Internet Telepathy can actually control brain of someone else

Internet Telepathy can actually control brain of someone else
Internet Telepathy can actually control brain of someone else

Internet telepathy is a new term in the field of telepathy where internet is used as a medium to connect two brains which are not communicating in any other way. A recent success on an experiment being done between two men has given the nascent subject of Internet telepathy some verisimilitude. The question is why is internet telepathy is important to scientists? The answer is finding a better way to communicate. Exhaustive research on communication and thought exchange have shown that often knowledge is not always transmitted from one person to another because of the language constraint. Even an erudite scientist may not be a good teacher. So if there is a way that can transfer his invaluable knowledge and thought from him to his students, the barrier of language and communication skill would not be valid anymore.

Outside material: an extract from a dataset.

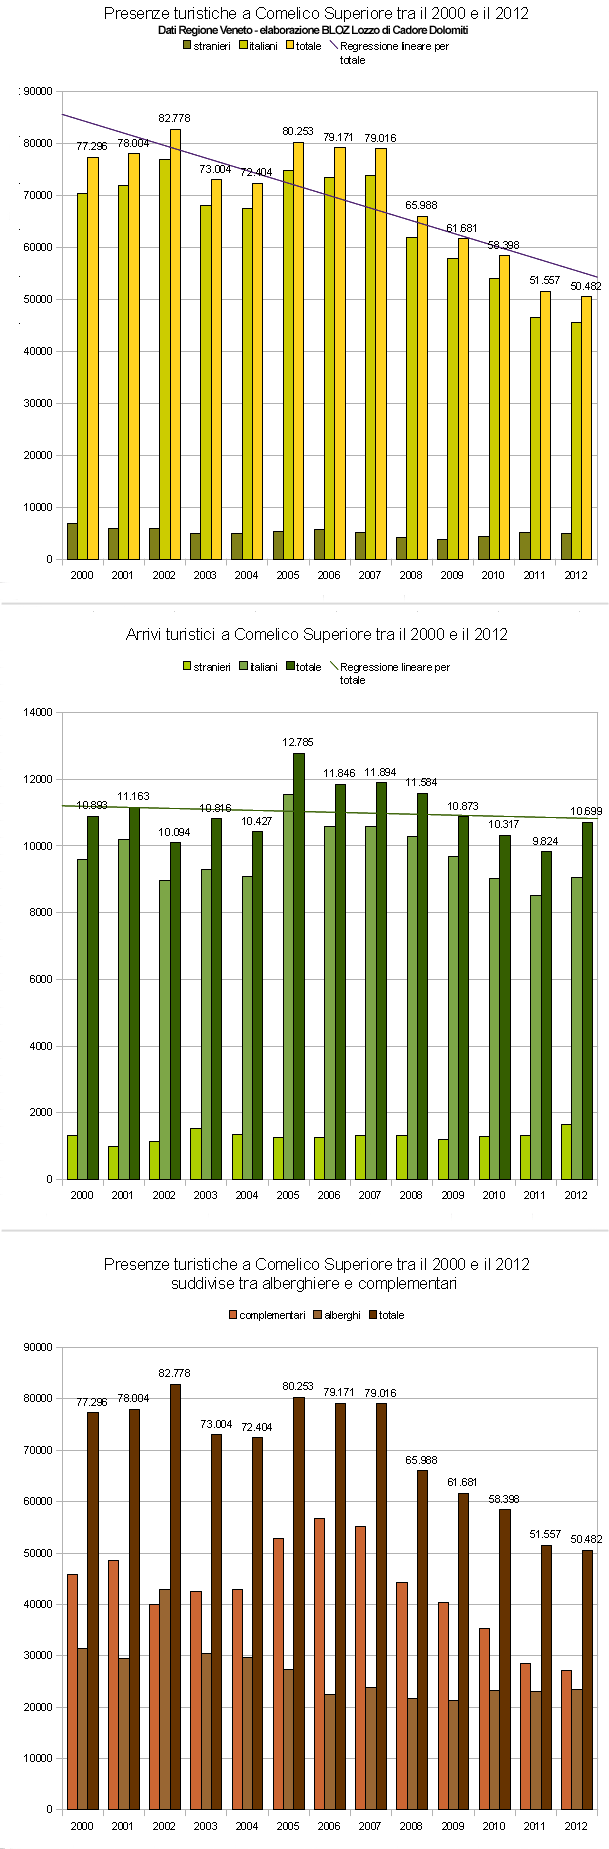 Andamento arrivi e presenze turistiche nel Comelico Superiore tra il 2000 e il 2012

Now coming to the experiment. Chantel Prat, assistant professor of psychology at University of Washington Andrea Stocco, a research assistant professor of psychology at the Institute for Learning & Brain Sciences of University of Washington has conducted this experiment with three pairs of participants. In each pair of of participants, one is the sender and the other is the receiver. The sender was hooked up to an electroencephalography machine designed to read brain activity. The sender had to play a video game in which he or she had to defend a city by firing a cannon. But he or she will not be provided any joystick to play it physically. The sender had to play it mentally.

The receiver is sitting in a separate building about a half mile away and the person was wearing a swim cap with a transcranial magnetic stimulation coil placed near that part of the brain which controls motion of limbs. They waited with their hand poised over a touchpad. It was observed that when the sender mentally calculated and fired the cannon, the electrical brain signal was transmitted via the internet to the receiving participant, who received the signal as a hand twitch that fired the cannon. The three set of experiments have found to vary in accuracy from 25 to 83 percent. A $1 million grant has been received from the W.M. Keck Foundation for this experiment.